Смерчи всегда бывают странно-зеленого цвета, как шкура ящерицы. На днях один такой прошел прямо по Пенсильвания-авеню в Вашингтоне [14] Пенсильвания-авеню — улица в Вашингтоне, соединяющая Белый дом и Капитолий, часто называется «Главной улицей Америки».
. Это показывали в пятичасовых новостях. Как бы то ни было, менее чем в двухстах ярдах [15] 200 ярдов — ок. 182 метров.
от нас кружился смерч. Дом затрещал и заскрипел, будто все вокруг разом расстроилось и разладилось. Лампочка перегорела, и тут же отключилось электричество.
— Боже, — прошептала Вера, стоя за моей спиной в бледно-зеленом свете. — Господи, пощади нас.
Их можно было разглядеть в смерче: они кружились и кружились, натыкаясь друг на друга, от самого основания до верхушки воронки. Трудно сказать, сколько их там было. Думаю, не одна сотня. Некоторые были полупрозрачными, некоторые казались настоящими, из плоти и крови, как мы с вами. Ветер швырял их туда и сюда, и они падали на землю, будто осенние листья. Они падали на верхушки деревьев и на траву, на заборы и на дорогу, ведущую в Конкордию. Некоторых разрывало на куски, как старые тряпки, попавшие под лезвия газонокосилки; другие же поднимались и, спотыкаясь, уходили прочь, в точности как пьяницы субботним вечером. Теперь смерч двигался в другую сторону, он шел на юг, вверх по долине, удаляясь от нашего дома, и на каждом шагу выплевывал новых призраков.

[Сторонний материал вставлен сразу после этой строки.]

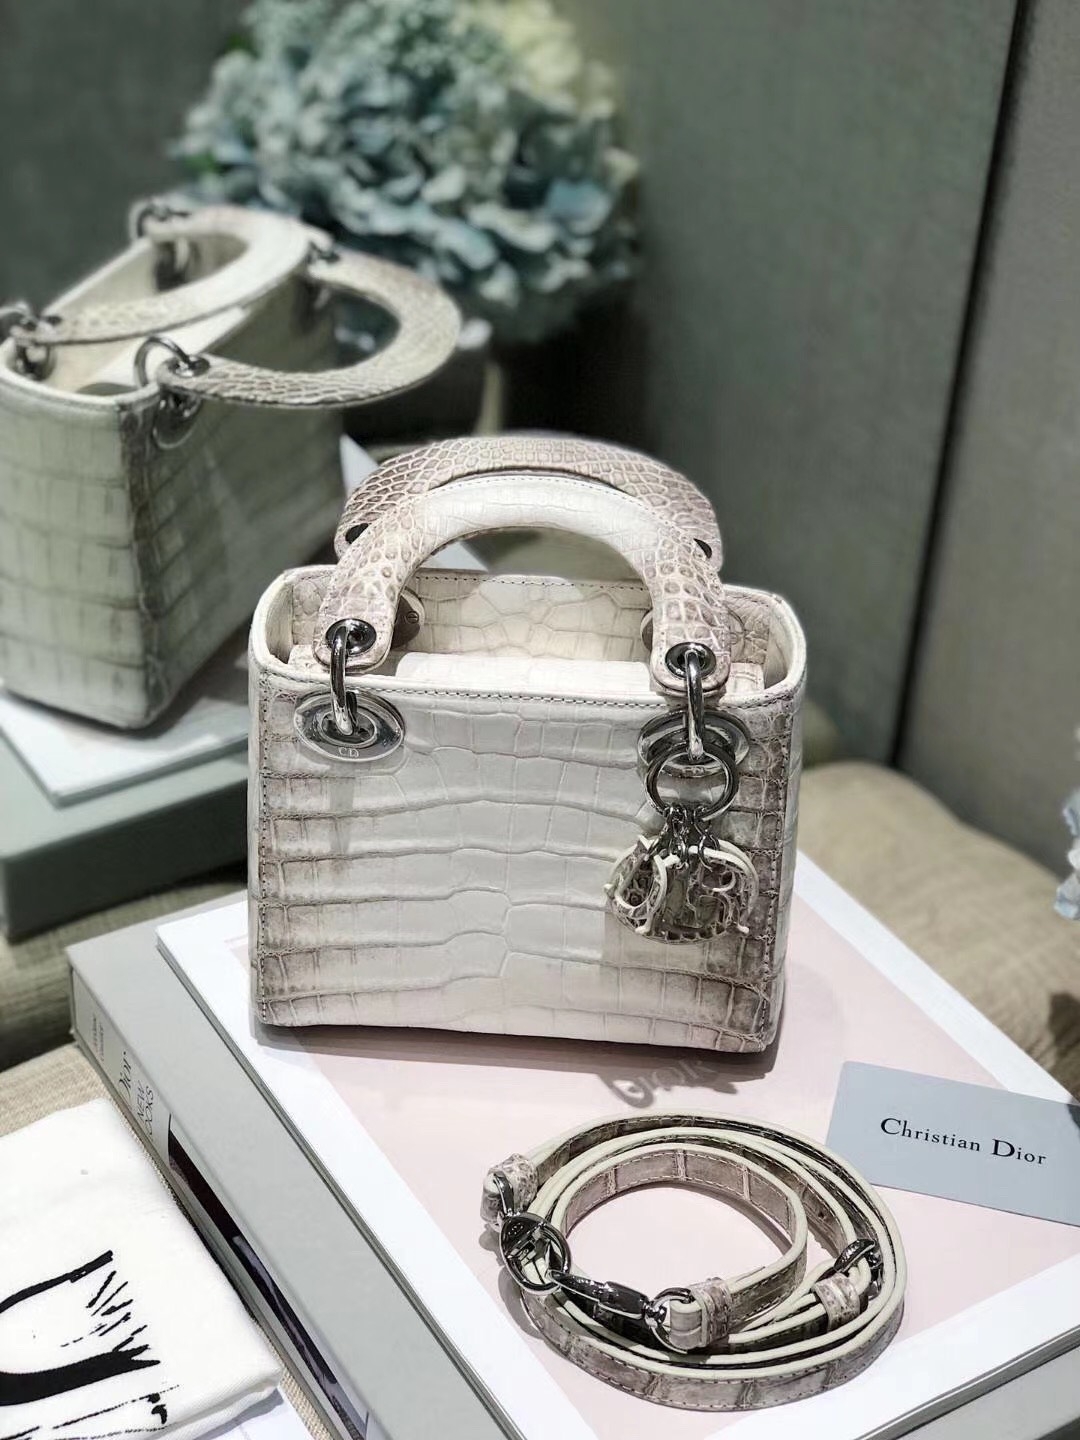 Đẳng cấp chiếc túi Lady Dior bạch tạng đang gây sốt: Đỉnh cao kỹ thuật xử lý da cá sấu, khách hàng được đánh dấu chủ quyền theo cách độc lạ - Ảnh 1.

Вера протянула руку и задернула шторы, и теперь все мы стояли в сумерках, вслушиваясь в стоны деревьев и шум удаляющегося смерча.
— Что ж, — сказал я. Больше сказать было нечего. Глубокомысленно, знаю. И довольно равнодушно. Вера подошла к настенному выключателю и несколько раз раздраженно щелкнула, но свет, похоже, нескоро вновь загорится.
— Вот вам и горячий ужин, — сказала она. Судя по голосу, она готова была разрыдаться. Я положил руку ей на плечо, и она, развернувшись, повисла у меня на шее. Бен-младший заглянул за занавеску, но, очевидно, не увидел там ничего интересного, потому что тут же задернул ее обратно.
Кто-то — или что-то — снаружи позвало: «Мэри!». Голос был мужской и ужасно одинокий. «Мэри! Ты здесь?»
Я бросился к двери, а Вера крепко вцепилась в меня. Но мы оба понимали, что я должен открыть. Я отодвинул Веру, подошел к двери и распахнул ее.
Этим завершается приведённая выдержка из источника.